**Records for this task**:
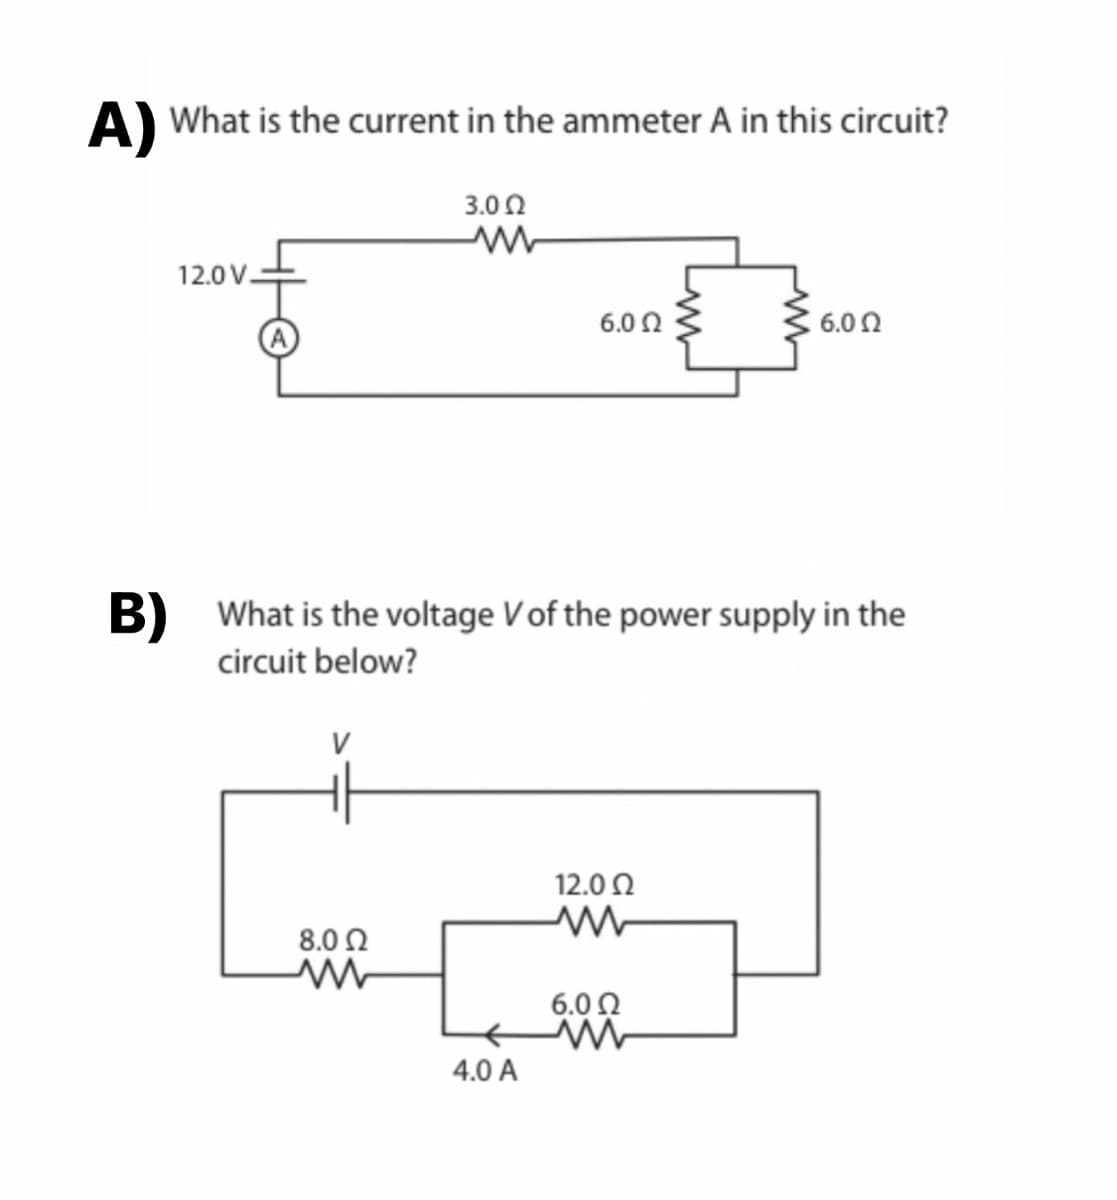 A) What is the current in the ammeter A in this circuit?
3.002
www
12.0V.
8.0 Ω
ww
6.0 Ω
B) What is the voltage V of the power supply in the
circuit below?
4.0 A
12.0 Ω
M
6.0 Ω
6.0 Ω
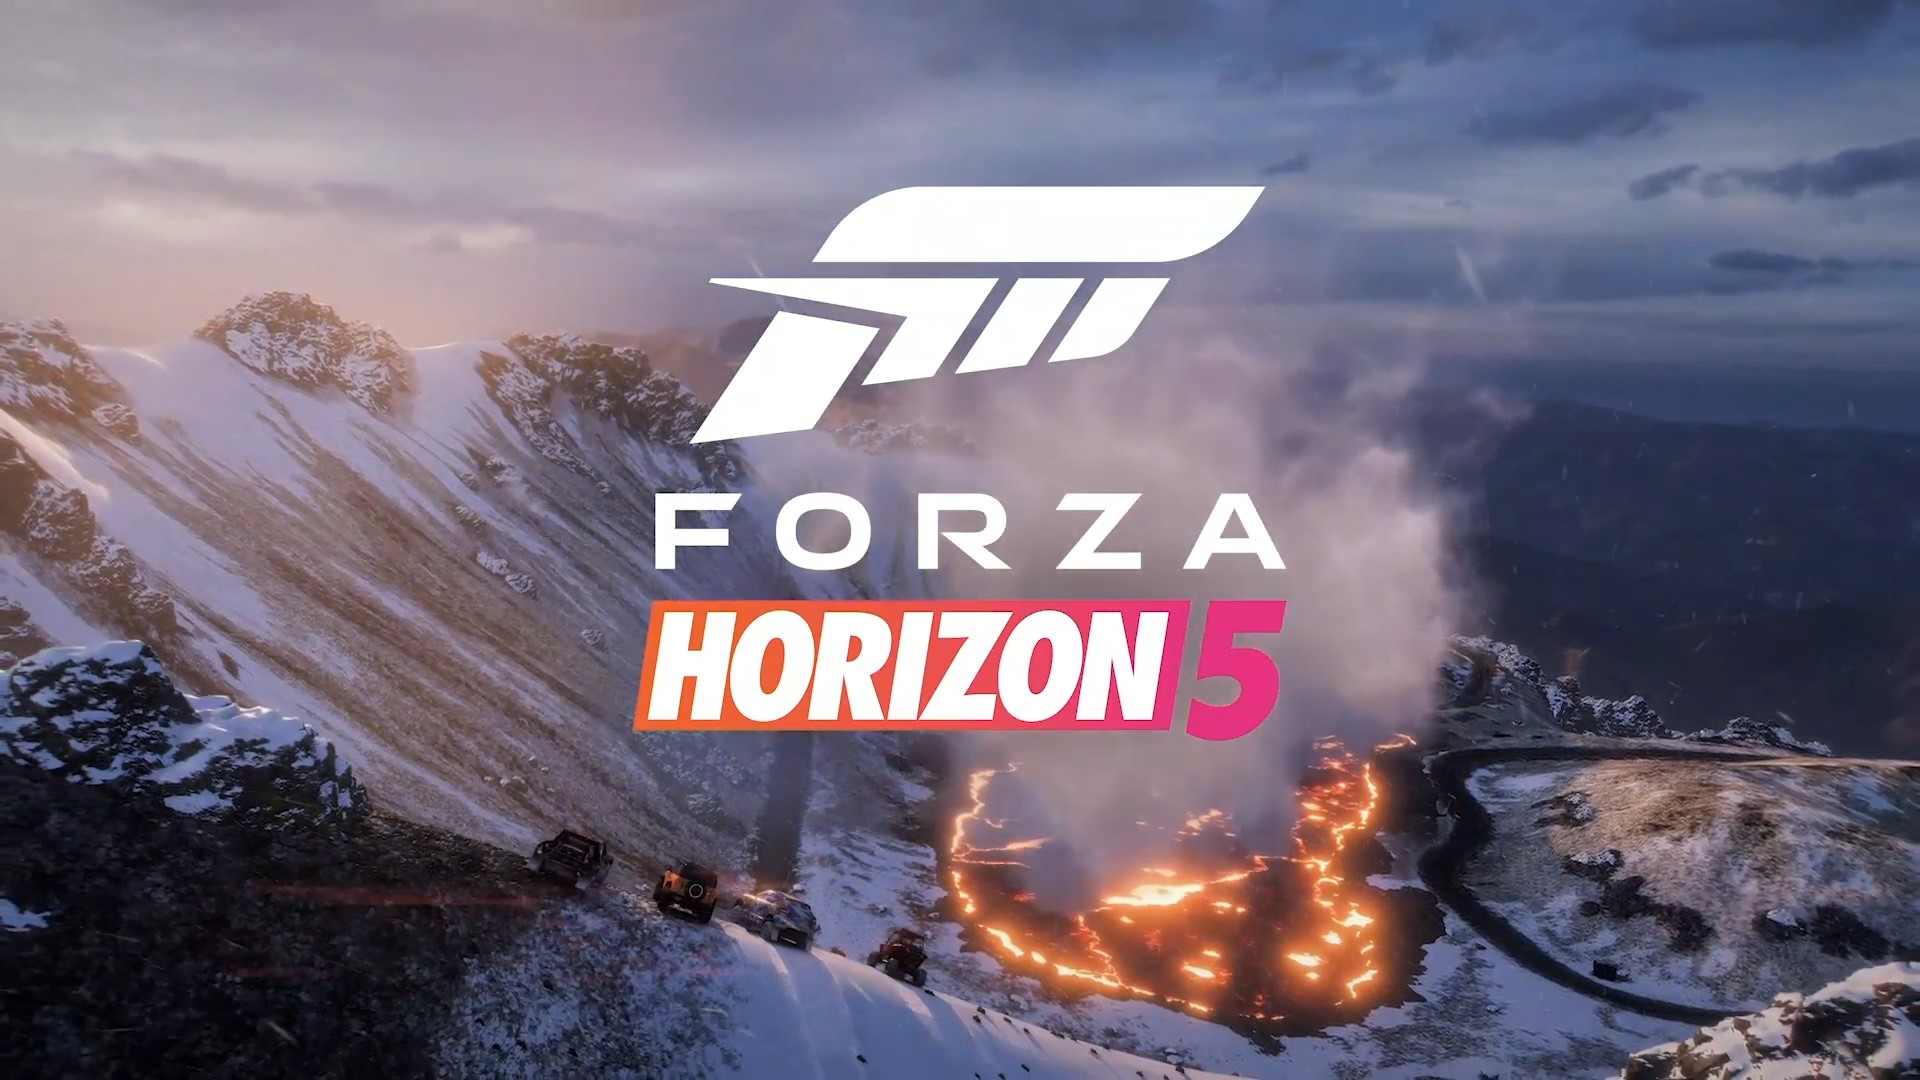 How to Download and Play forza horizon 4 🔥 on PC 
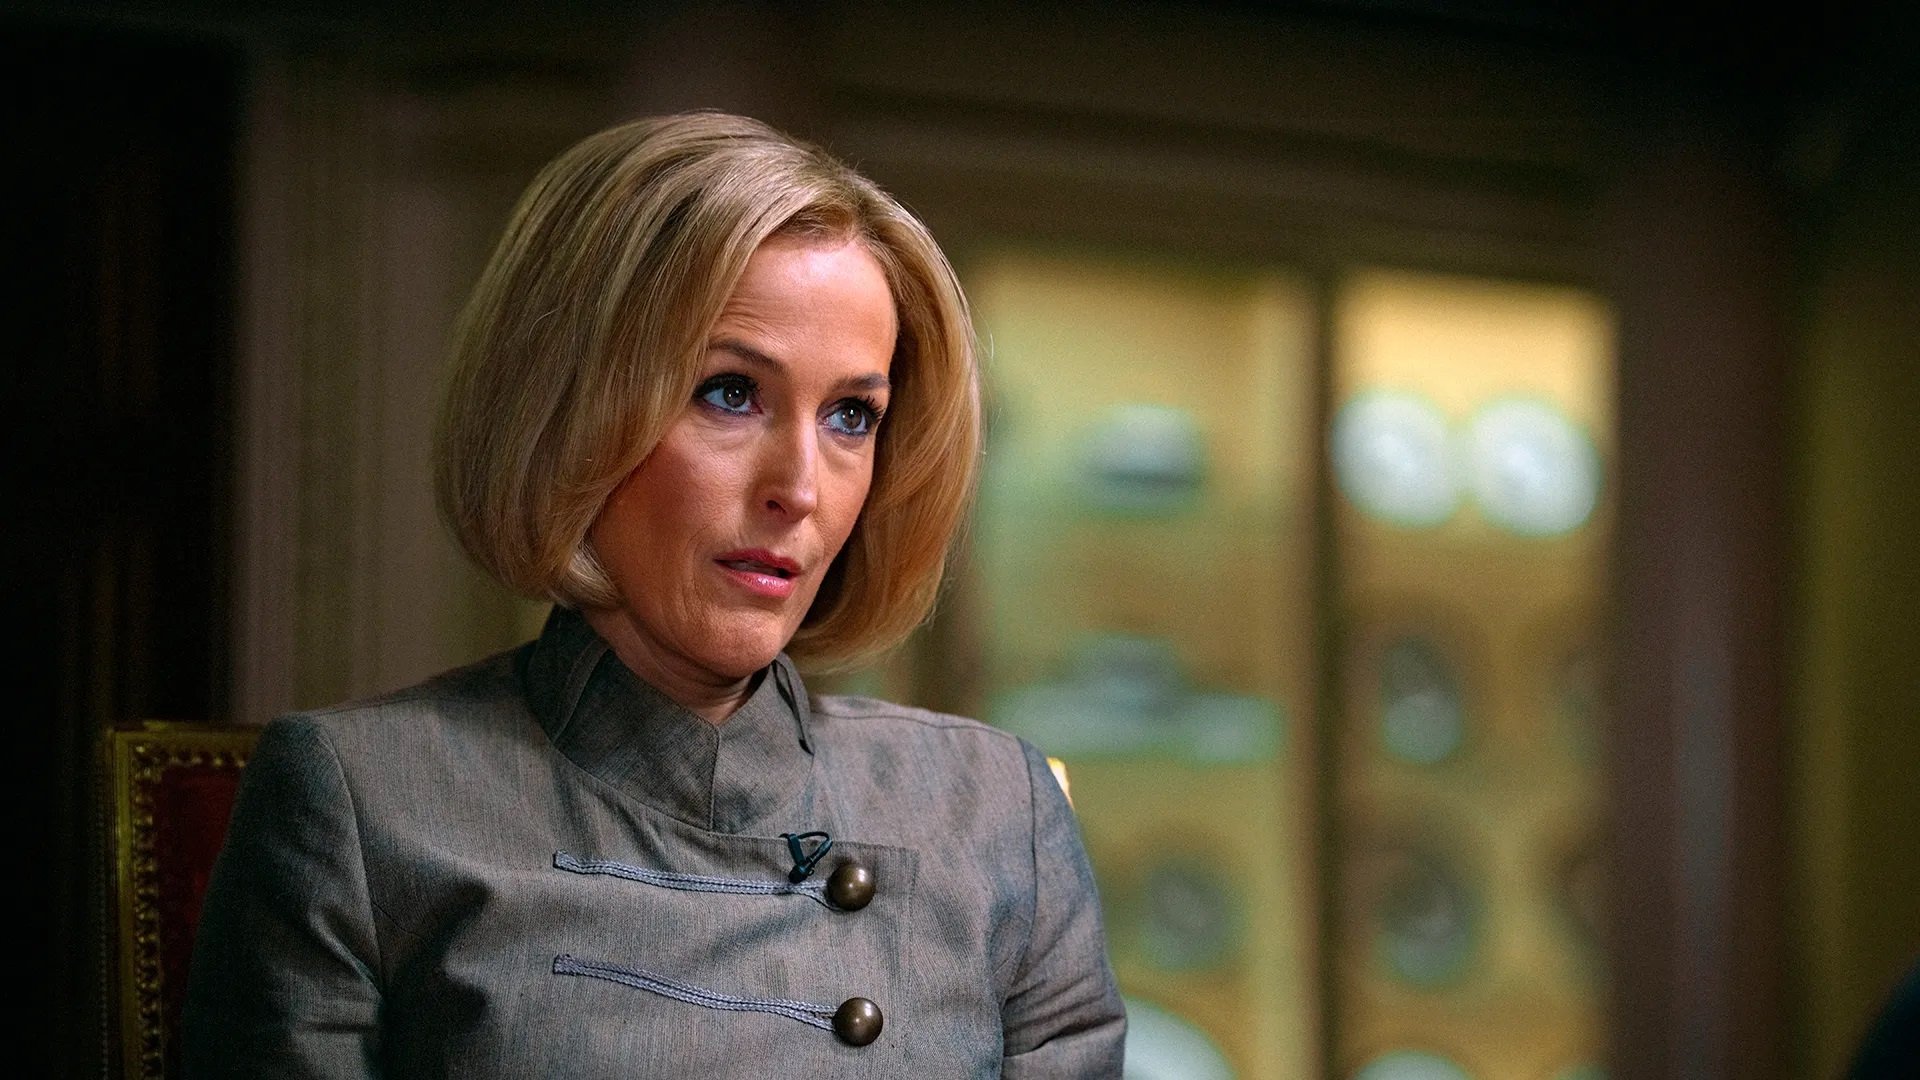 Gillian Anderson plays broadcaster Emily Maitlas in Scoop.

**What is needed**:
Each line of the data above needs to be retyped as it is, without any picture.

**Answer to the problem**:
 A) What is the current in the ammeter A in this circuit?
3.002
www
12.0V.
8.0 Ω
ww
6.0 Ω
B) What is the voltage V of the power supply in the
circuit below?
4.0 A
12.0 Ω
M
6.0 Ω
6.0 Ω
 How to Download and Play forza horizon 4 🔥 on PC 
 Gillian Anderson plays broadcaster Emily Maitlas in Scoop.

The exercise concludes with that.